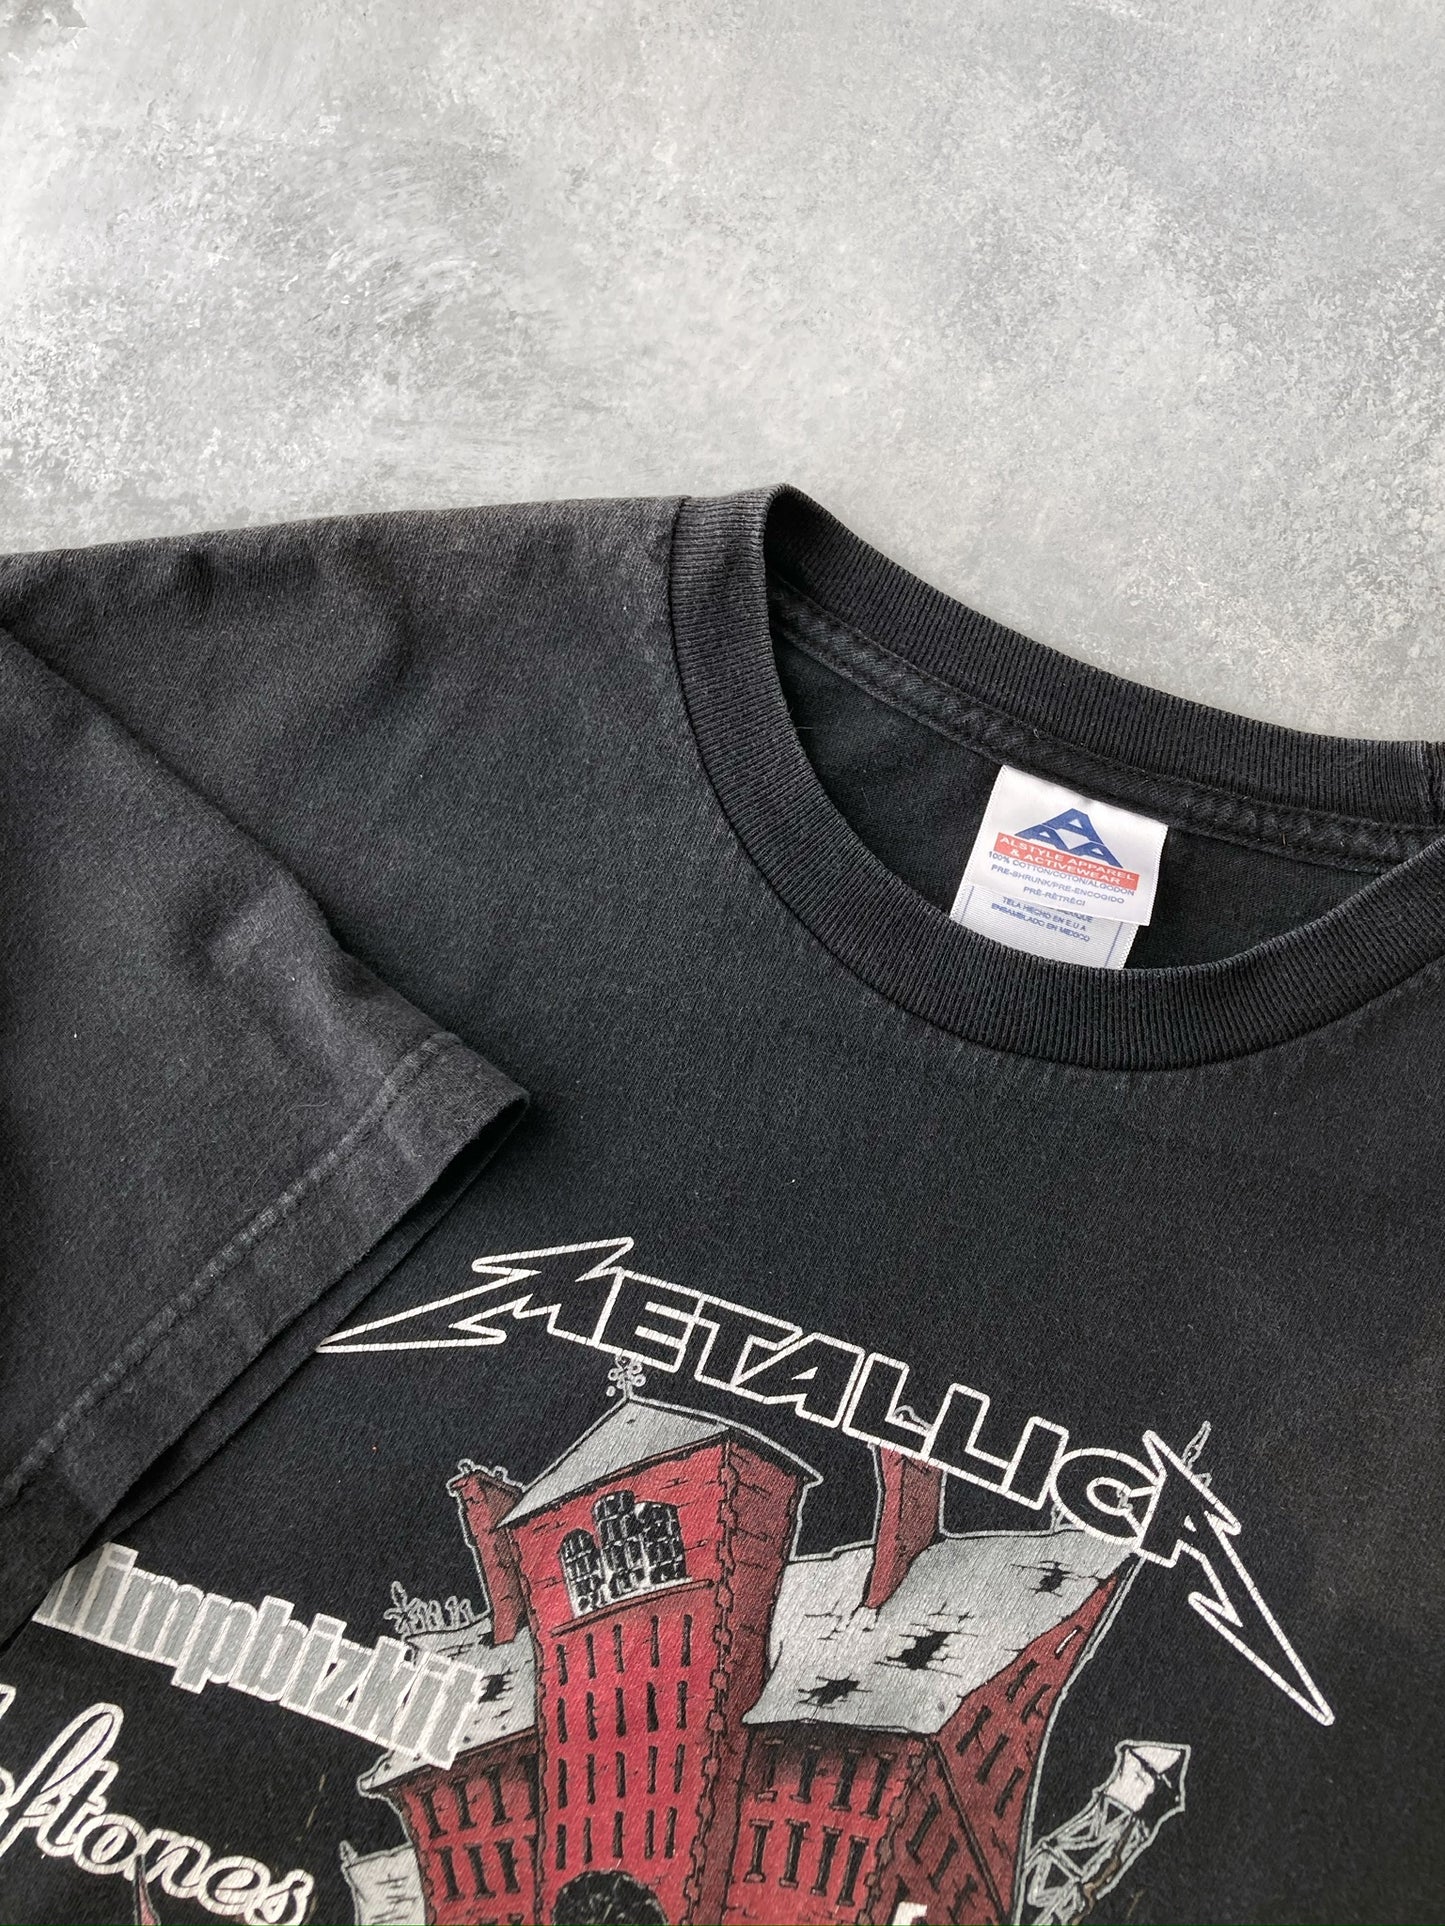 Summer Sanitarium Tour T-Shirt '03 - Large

--

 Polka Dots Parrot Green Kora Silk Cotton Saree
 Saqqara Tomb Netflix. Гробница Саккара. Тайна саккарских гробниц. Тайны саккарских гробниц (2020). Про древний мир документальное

...

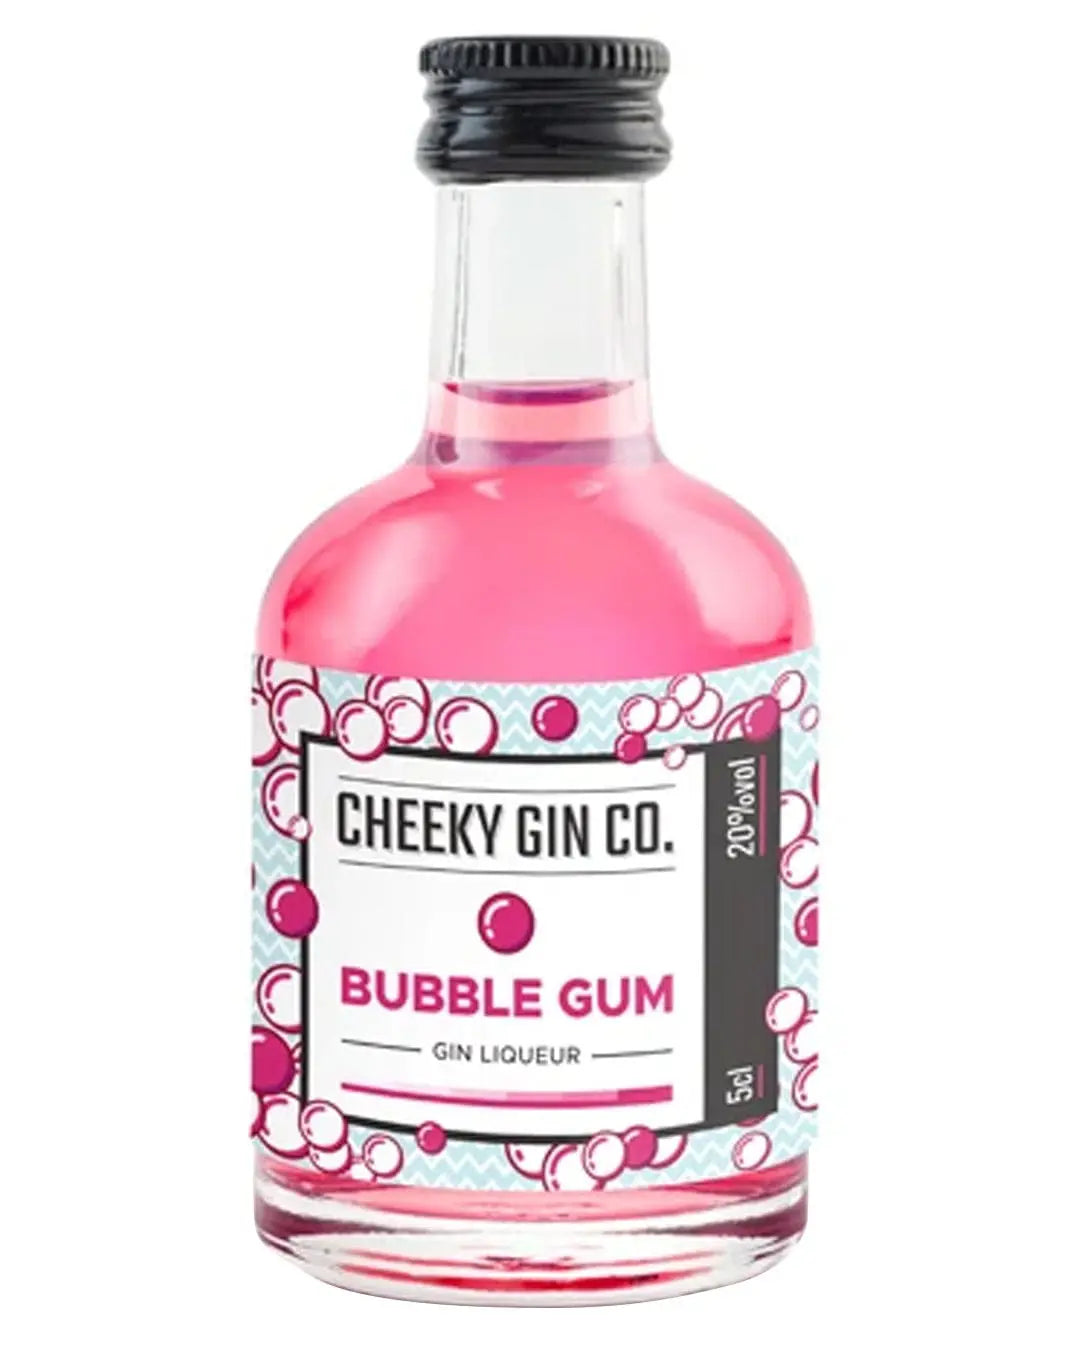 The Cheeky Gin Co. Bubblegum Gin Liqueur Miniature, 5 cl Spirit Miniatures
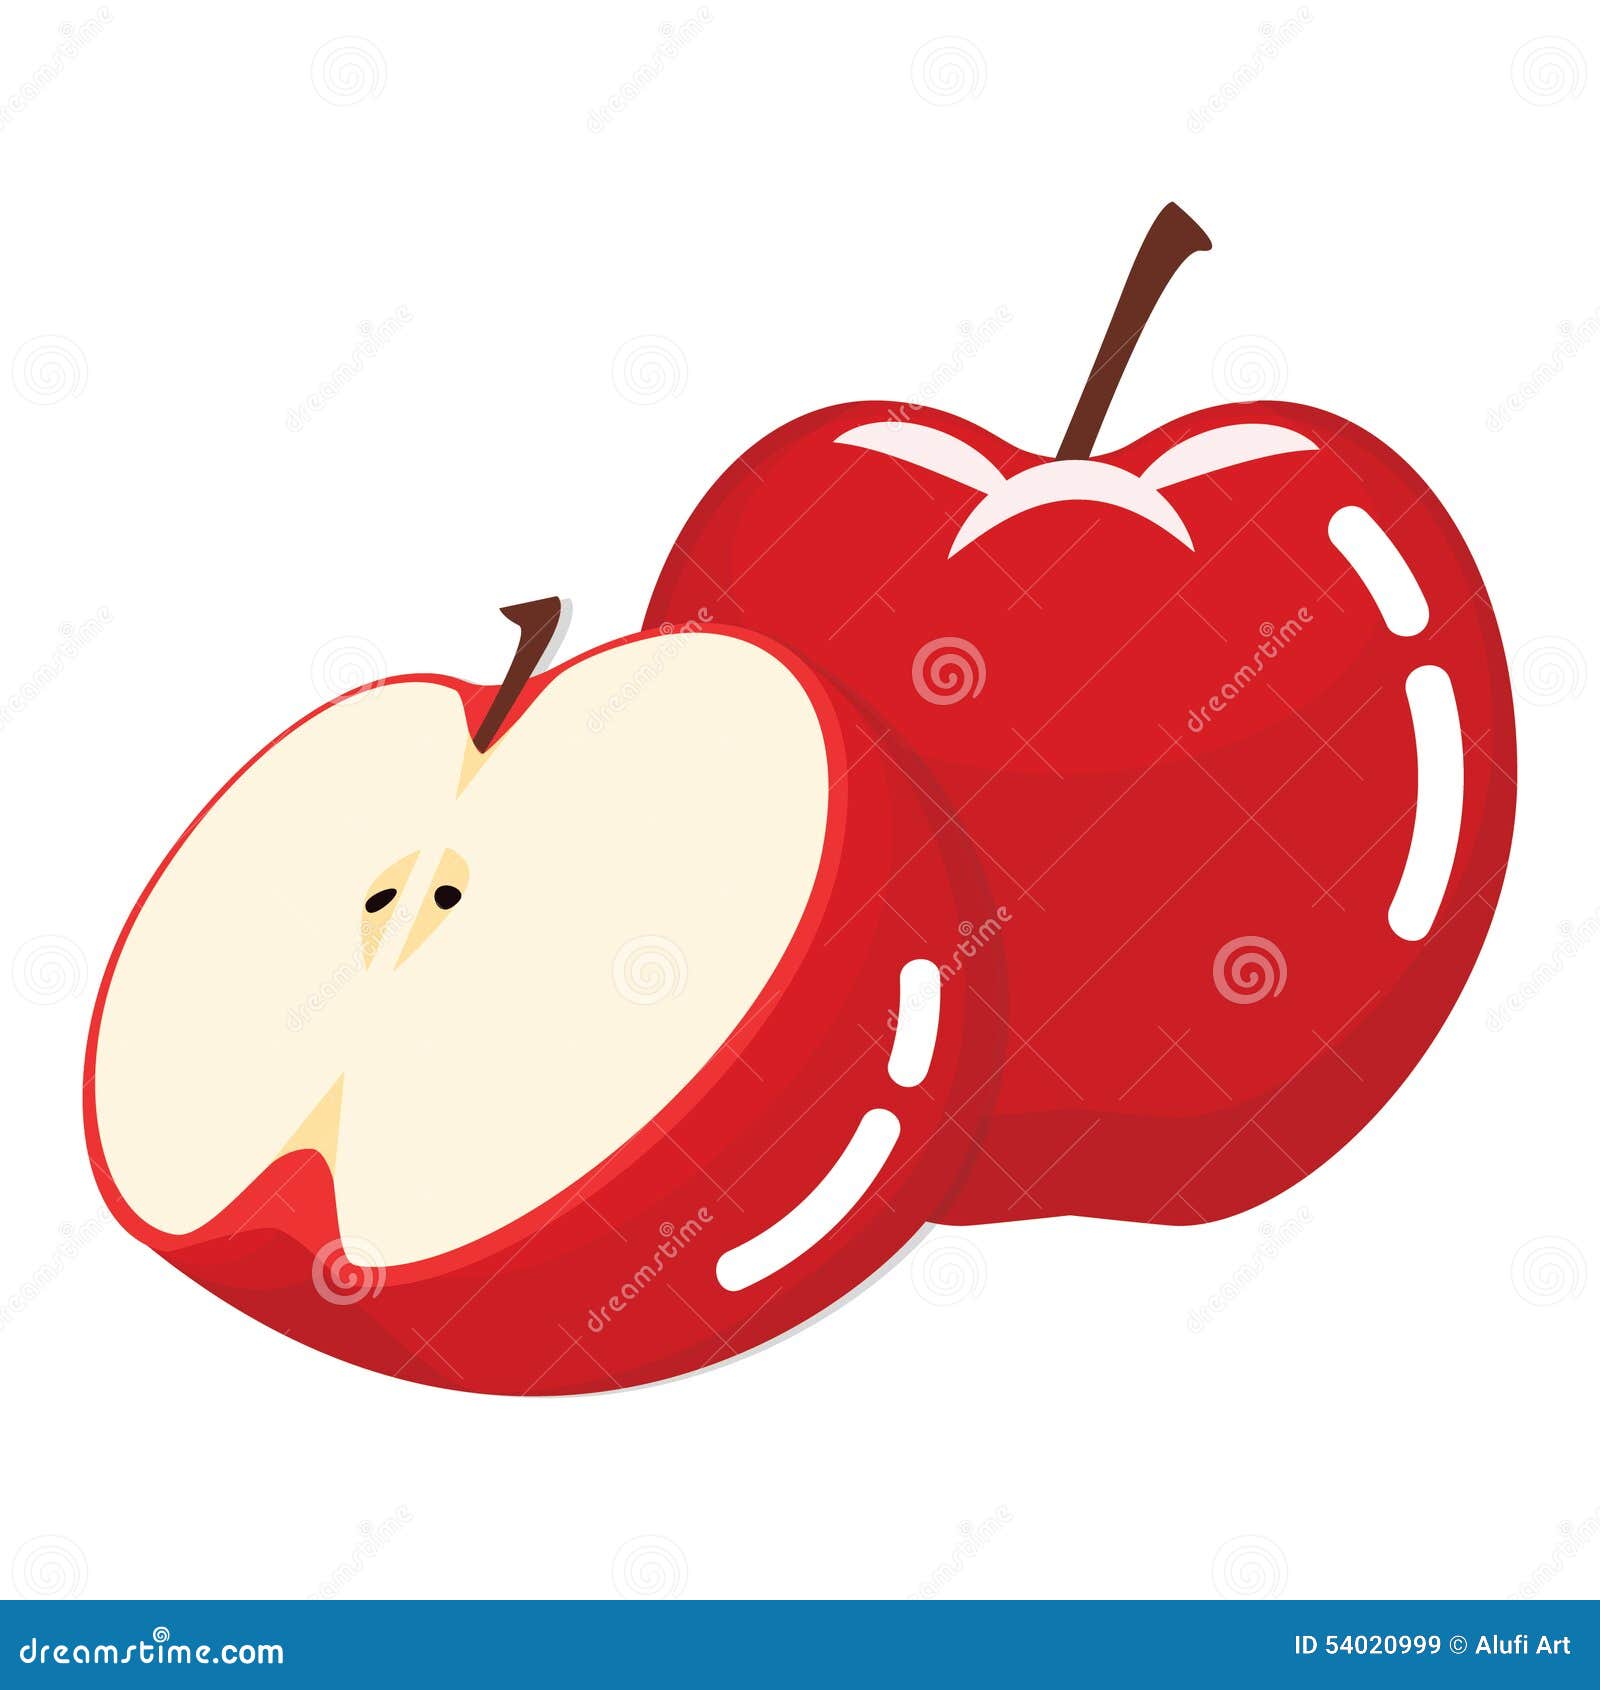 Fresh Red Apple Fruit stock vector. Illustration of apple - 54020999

■ Problem description
The answer must be the lines above from the one containing "The Cheeky Gin" through the one containing "Fresh Red Apple", reproduced exactly, with no pictures and nothing else.

■ Written solution
 The Cheeky Gin Co. Bubblegum Gin Liqueur Miniature, 5 cl Spirit Miniatures
 Fresh Red Apple Fruit stock vector. Illustration of apple - 54020999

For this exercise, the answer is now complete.